In February 1975 a private sector group had been formed to promote closer links between U.S. and Israeli scientific and technological enterprises. This group, composed of leading research and development executives from both U.S. and Israeli industry, was instrumental in providing advice and support to the Joint Committee during negotiations for the establishment of the Foundation. As discussions continued between the two governments, another significant private sector initiative was taking place. The Committee for the Economic Growth of Israel (CEG-I) was formed during March 1976, as an autonomous, voluntary organization of American and Israeli business people who joined forces to promote exports and investment in Israel.

In late April 1977, the U.S. Congress passed the legislation providing the funding for the Israel-U.S. Binational Industrial Research and Development Foundation. This was signed into law by President Carter on May 4, 1977. At the same time the Knesset, Israel's parliament, authorized the funding of the Israeli portion of the Foundation's endowment.

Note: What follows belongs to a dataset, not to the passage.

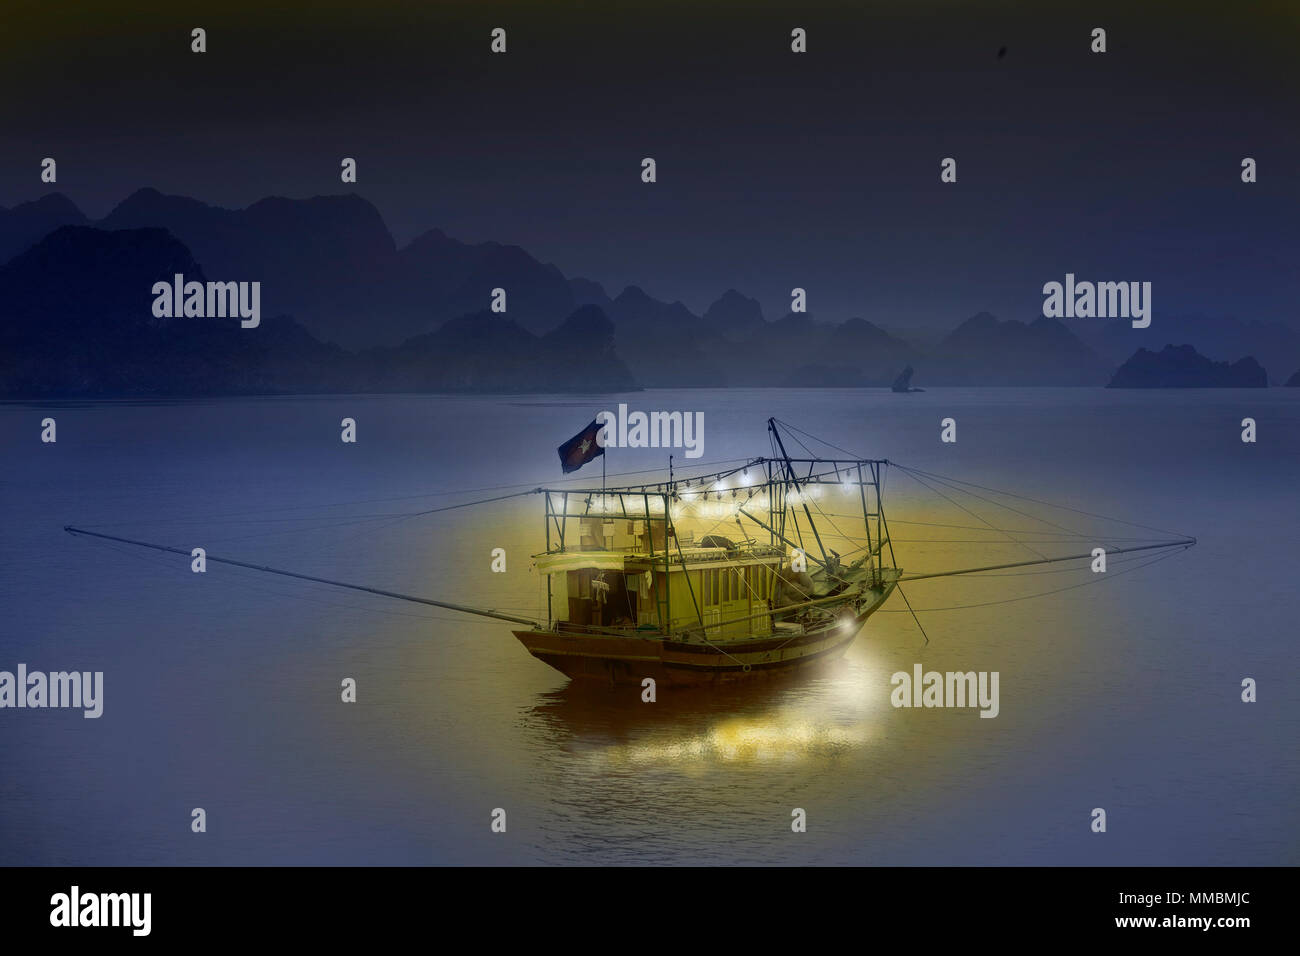 https://c8.alamy.com/comp/MMBMJC/vietnamese-squid-fishing-boat-late-evening-lights-are-used-to-attract-the-squid-to-the-surface-halong-bay-vietnam-MMBMJC.jpg
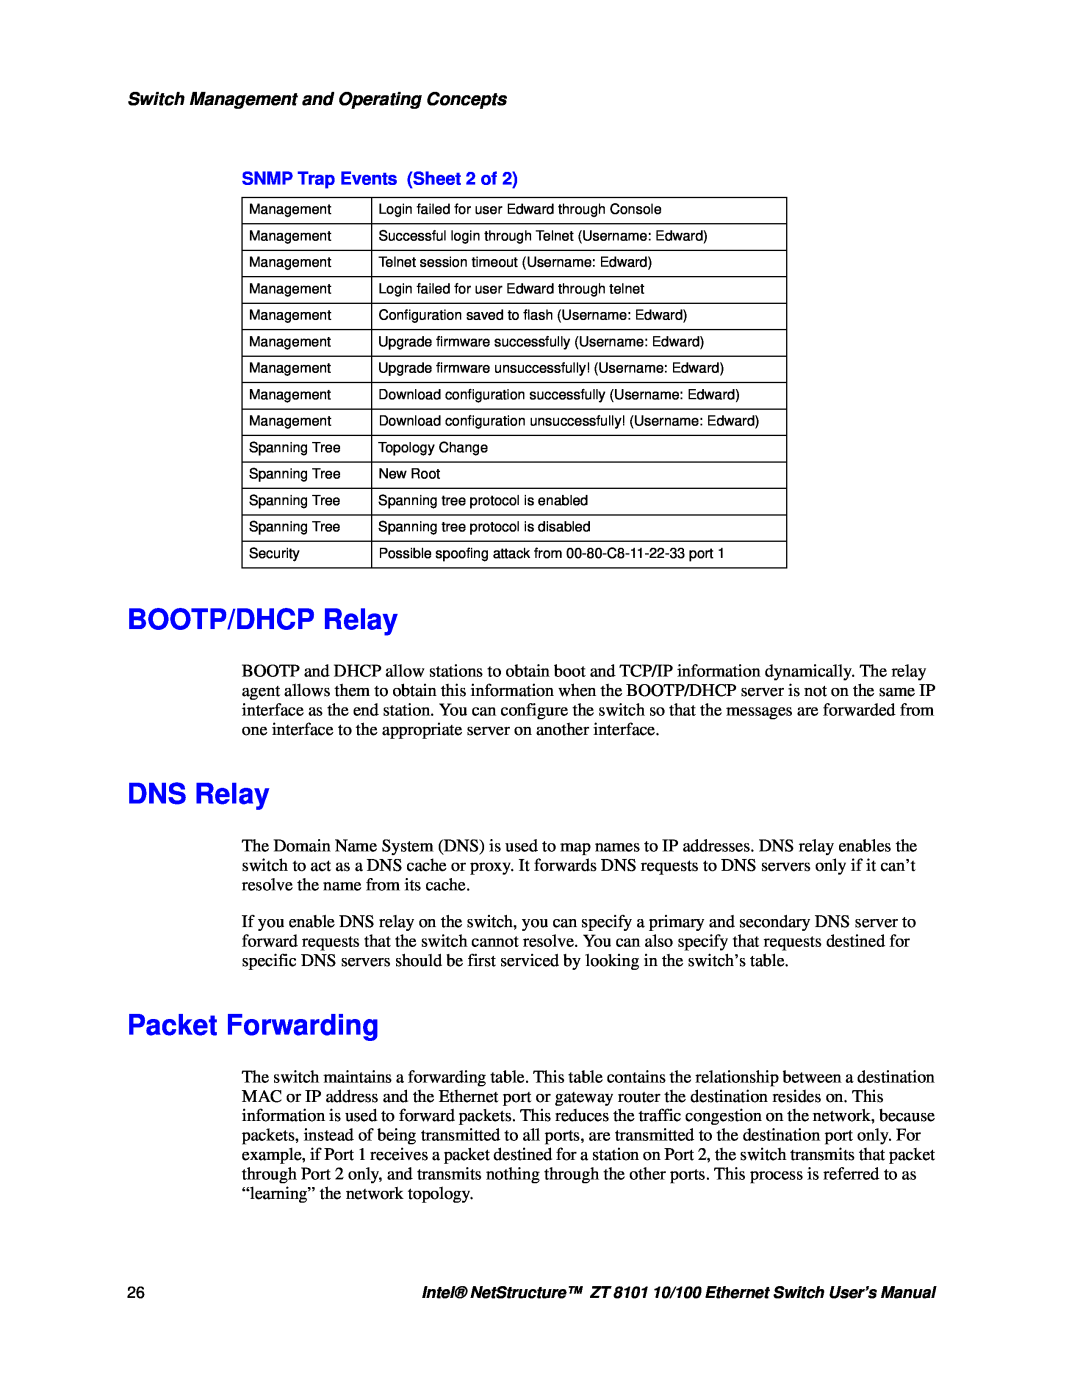 Intel ZT 8101 10/100 user manual BOOTP/DHCP Relay, DNS Relay, Packet Forwarding, SNMP Trap Events Sheet 2 of

The Foundation was formally established in a ceremony in Washington DC on May 18, 1977, with the exchange of letters between Assistant Secretary of the Treasury Bergsten and Ambbassador Dinitz.


The BIRD Foundation is managed by a Board of Governors (BOG) which appoints an Executive Director. The BOG consists of six members, three from each country, representing the Departments of Commerce, State and Treasury (U.S.), the Ministry of Economy and Industry and Ministry of Finance (Israel). The co-Chairmen of the BOG are a senior official from the U.S. National Institute of Standards and Technology (NIST) and the Chief Scientist of the Israel Ministry of Economy and Industry.[5]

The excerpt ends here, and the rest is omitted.